St. John smacked his dry lips. “Have you talked to my wife?"
"I'm going to speak to her now."
"When do you want to do all this?"
"Sometime tomorrow after we've all had plenty of time to discuss our best plan of attack. Meanwhile, we need you to stay quiet."
"I'll be good," he said.
* * *
Caroline looked up when Dr. Krueger entered the waiting room. Asia was asleep on the Naugahyde sofa and snoring loudly
"How's he doing?" Caroline asked.
"Fine, fine. He's sedated. The procedure went well." Then Dr. Krueger went over with Caroline what she had just explained to her patient.
"I don't know what he told you," Caroline said, "but he smokes a box of those little cigars a day."
"Don't worry" Dr. Krueger said. "Whatever a patient tells us that he smokes and drinks, we know to automatically double it."
"Can I see him?"
"Sure. He's going to be groggy You can leave your daughter here. I'll have the nurses keep an eye on her."
Caroline stroked Asia's cheek and didn't bother correcting the doctor. Maybe they'd all do a better job if they thought Mace had a young child.
The ICU was protected by electronically locked doors.
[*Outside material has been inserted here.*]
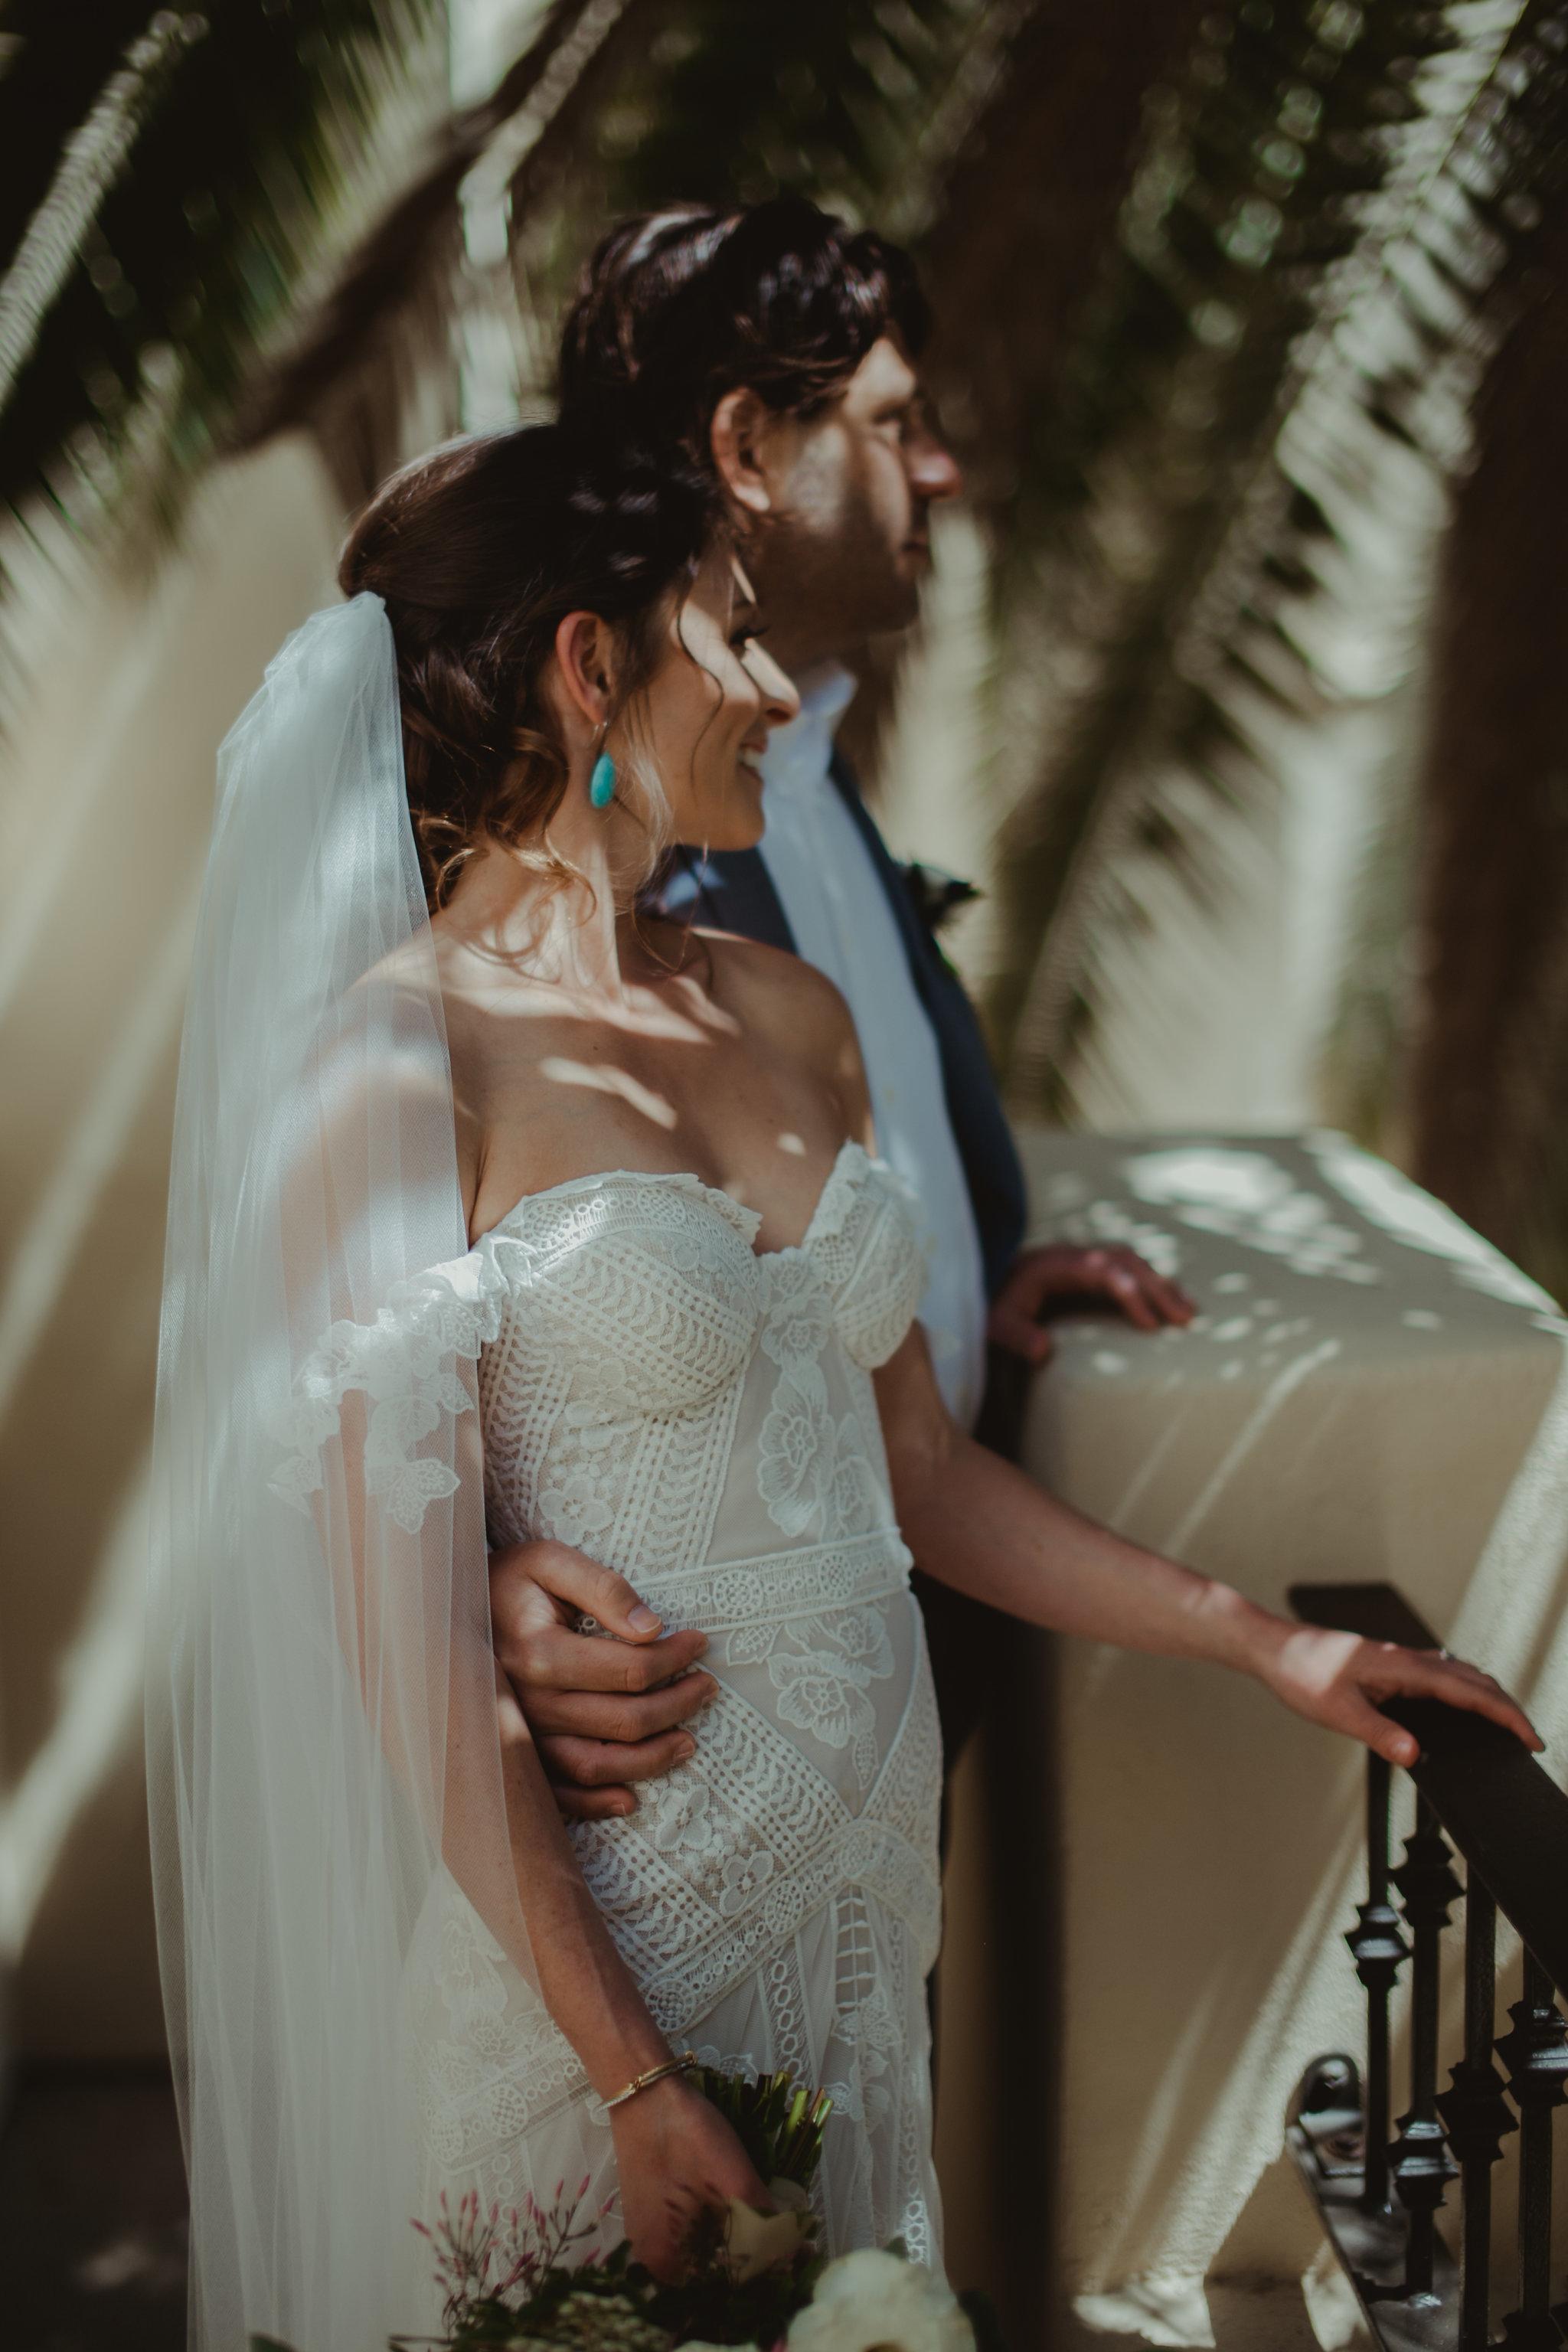 lolo-and-noa-la-jolla-wedding-scripps-blooms-by-breesa-lee-155.jpg
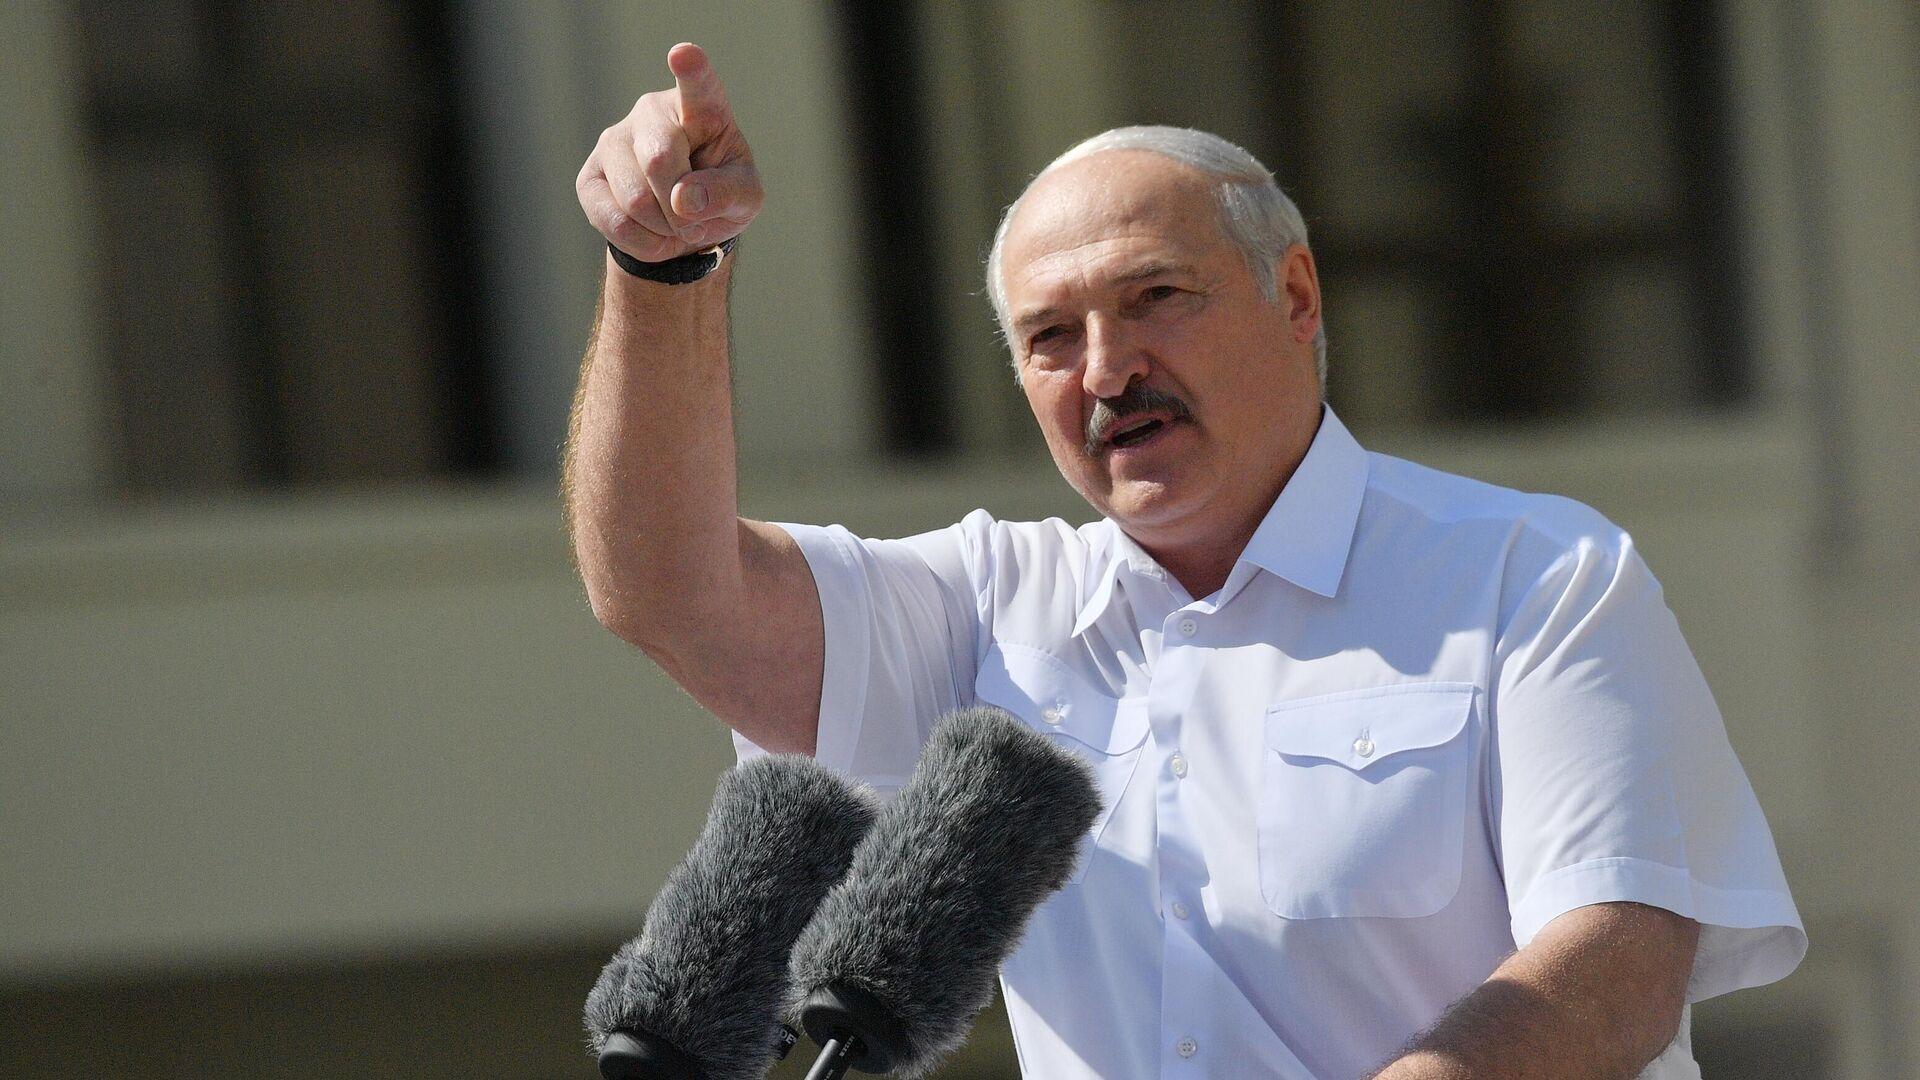 Президент Белоруссии Александр Лукашенко выступает на митинге, организованном в его поддержку - РИА Новости, 1920, 03.09.2020

Caroline had to identify herself by speaking into an intercom before they would buzz her in. Mace was in an alcove near the center of the ward. His color was better, but not by much. She lifted his hand to her cheek and willed health to his body, his heart. He started and grimaced, then opened his eyes. She saw him struggle to get his bearings.
"Does it hurt?" she asked.
He smacked his mouth. She found the water bottle on his bedside table and lifted the straw to his lips. He drank.
A nurse bustled into the room and headed right for him, speaking in a loud voice. "Mace?" she practically shouted. Caroline jumped back out of the woman's way.
St. John fixed a bloodshot eye on the woman. "I'm here," he said.